O PEDI22 é um questionário administrado no formato de entrevista estruturada com os pais ou um dos cuidadores da criança, que informa sobre o perfil funcional de crianças entre seis meses e sete anos e seis meses de idade, em três níveis de função: autocuidado, mobilidade e função social. O perfil funcional documentado pelo PEDI descreve tanto as habilidades disponíveis no repertório da criança para desempenhar atividades e tarefas de sua rotina diária (Parte 1), como o nível de independência ou a quantidade de ajuda fornecida pelo cuidador (Parte 2), bem como as modificações do ambiente necessárias para o desempenho funcional (Parte 3). Para esse estudo, foi utilizada a subescala de autocuidado das partes 1 (Habilidades Funcionais – HF) e 2 (Assistência do Cuidador – AC).

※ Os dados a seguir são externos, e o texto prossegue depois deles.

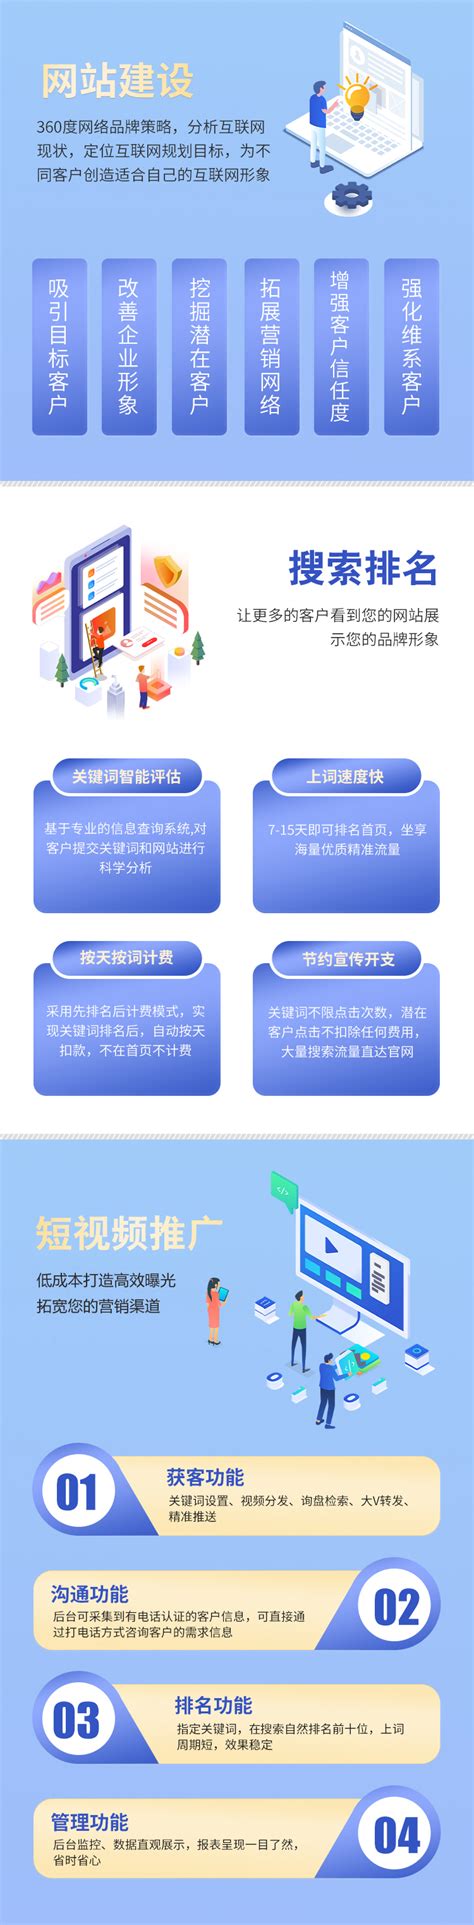 重庆网站建设与开发
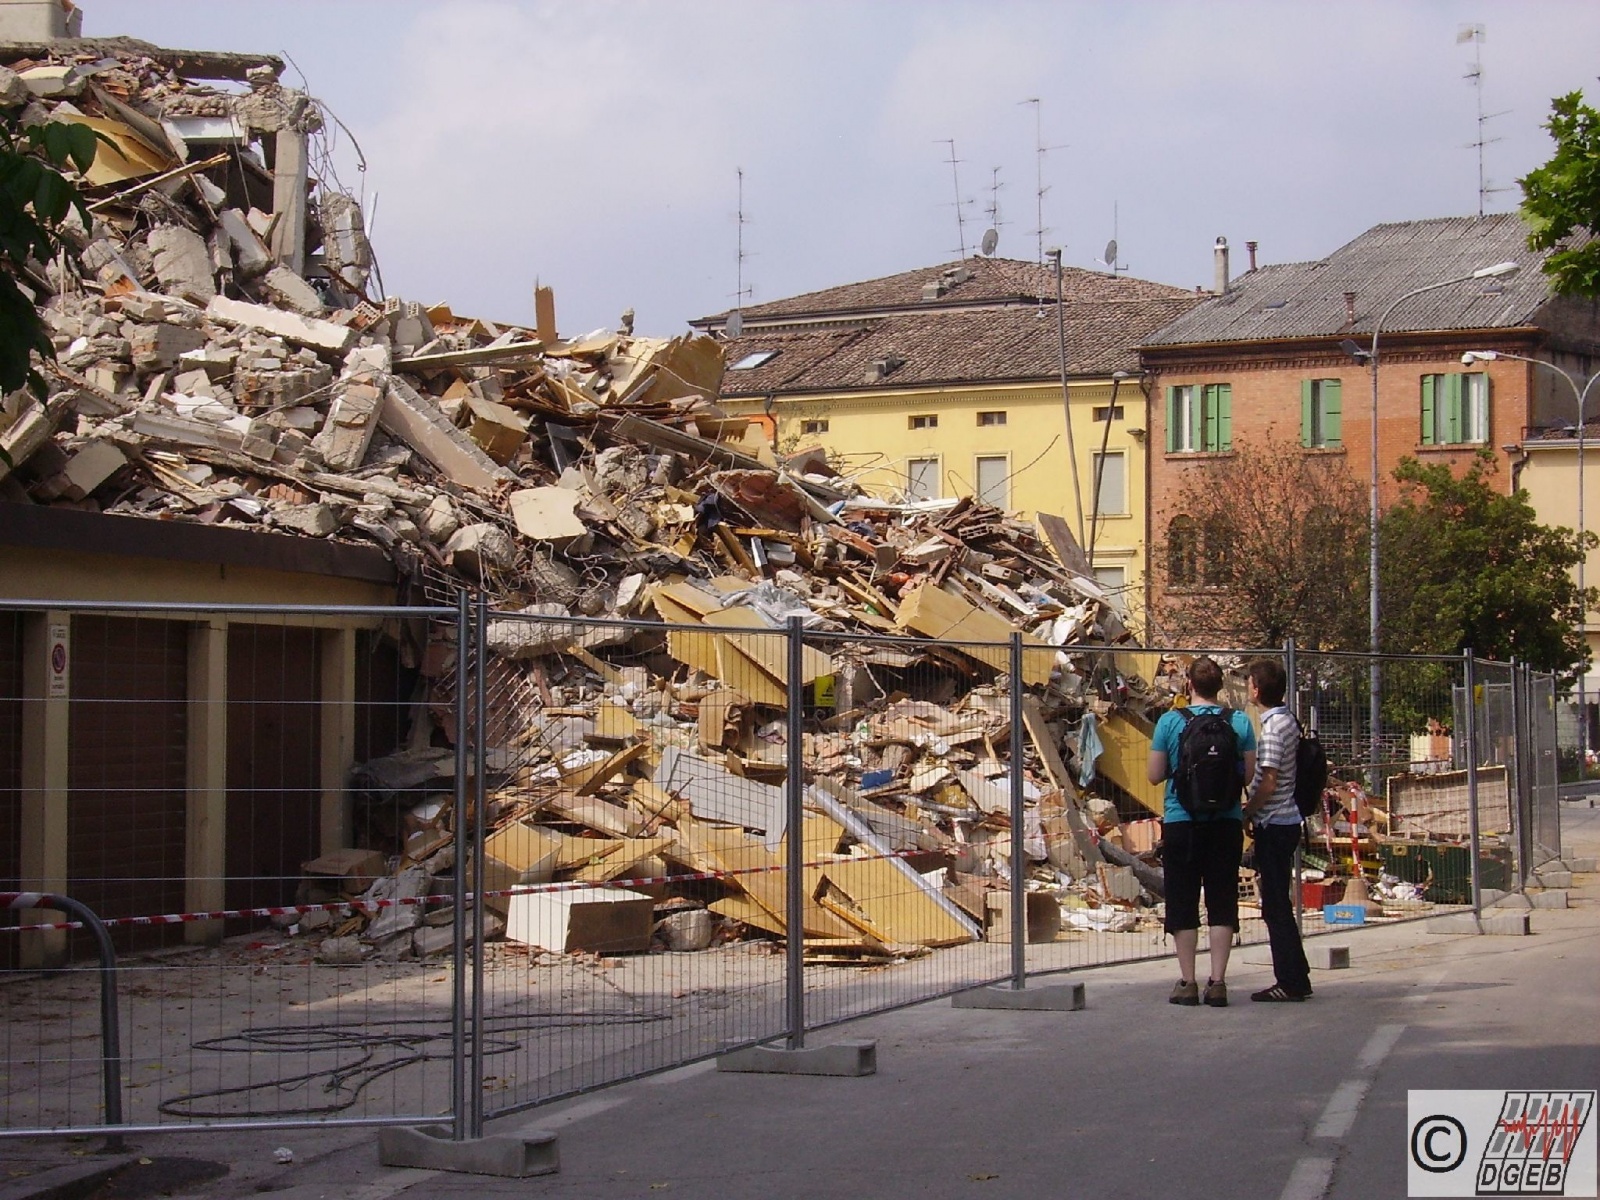 DGEB-Erkundungsreise, Erdbebenschäden in der Emilia Romagna, Juni 2012

Na Parte 1, cada item é avaliado com escore 1 (se a criança for capaz de desempenhar a atividade em sua rotina diária) ou escore 0 (se a criança não for capaz de desempenhá‐la). A pontuação dada aos itens é somada, resultando em um escore total bruto. Na Parte 2, a quantidade de assistência do cuidador é mensurada em escala ordinal, que varia de 0 (indicando necessidade de assistência total) a cinco (a criança é independente no desempenho), com graduações intermediárias. A pontuação dada para as tarefas é somada, resultando em escore bruto de independência, que é convertido em escore padronizado, ajustado para a idade da criança. O PEDI foi traduzido e adaptado transculturalmente para as crianças brasileiras22.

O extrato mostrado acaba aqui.